[RECORDS FOR PROCESSING]
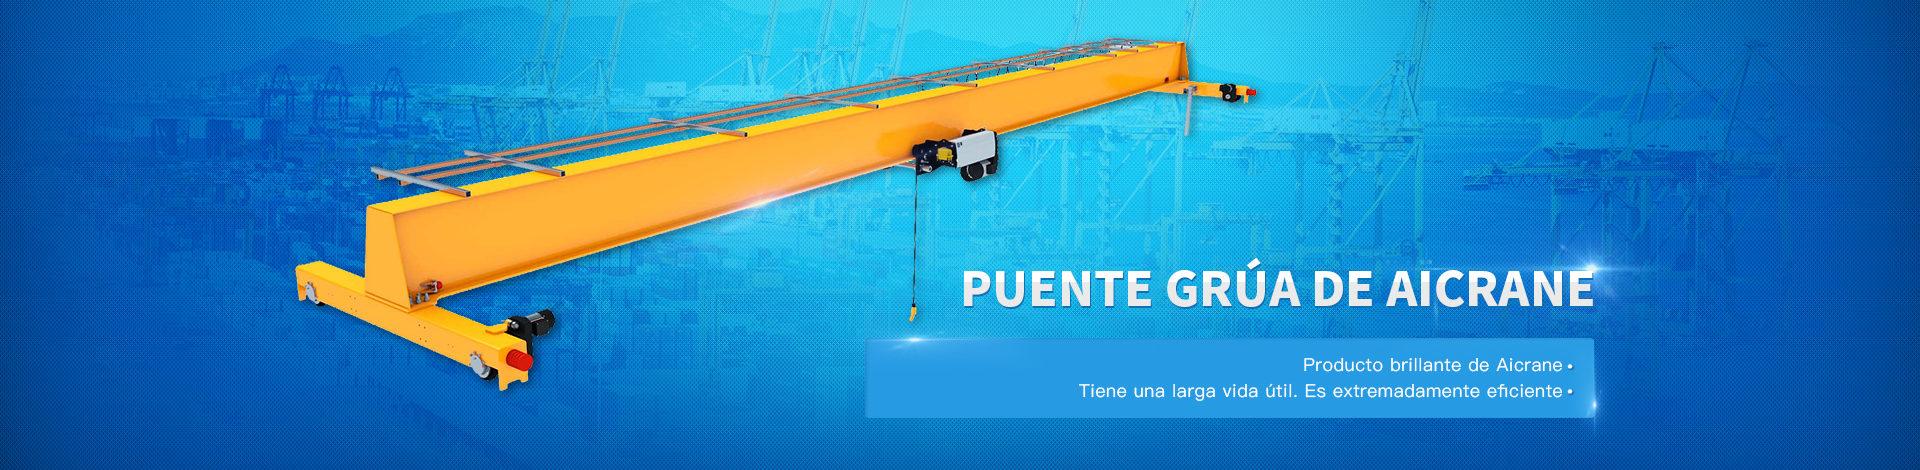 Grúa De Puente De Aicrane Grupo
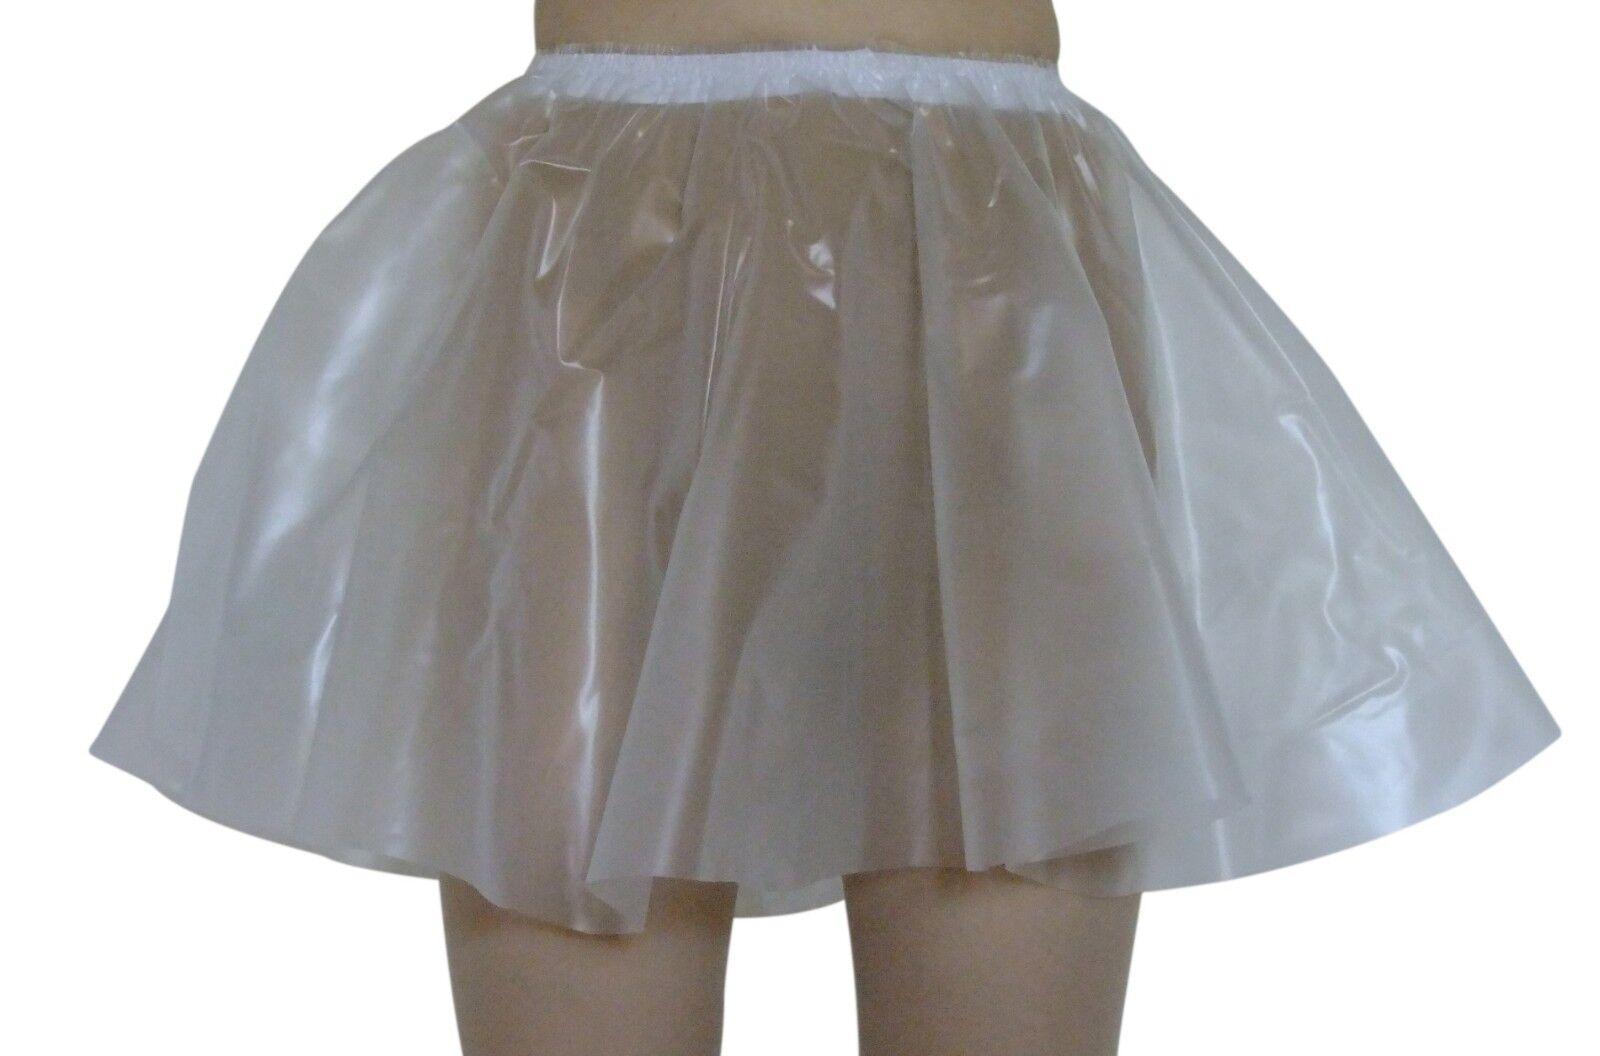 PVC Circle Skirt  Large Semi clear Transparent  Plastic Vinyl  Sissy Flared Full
--
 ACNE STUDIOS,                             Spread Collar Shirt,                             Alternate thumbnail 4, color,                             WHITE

[WHAT THIS TASK INVOLVES] Transcribe, word for word, the stretch of lines in the data above from the one with "Grúa De Puente De Aicrane Grupo" through the one with "PVC Circle Skirt"; omit all pictures.

[EXERCISE RESULT]
 Grúa De Puente De Aicrane Grupo
 PVC Circle Skirt  Large Semi clear Transparent  Plastic Vinyl  Sissy Flared Full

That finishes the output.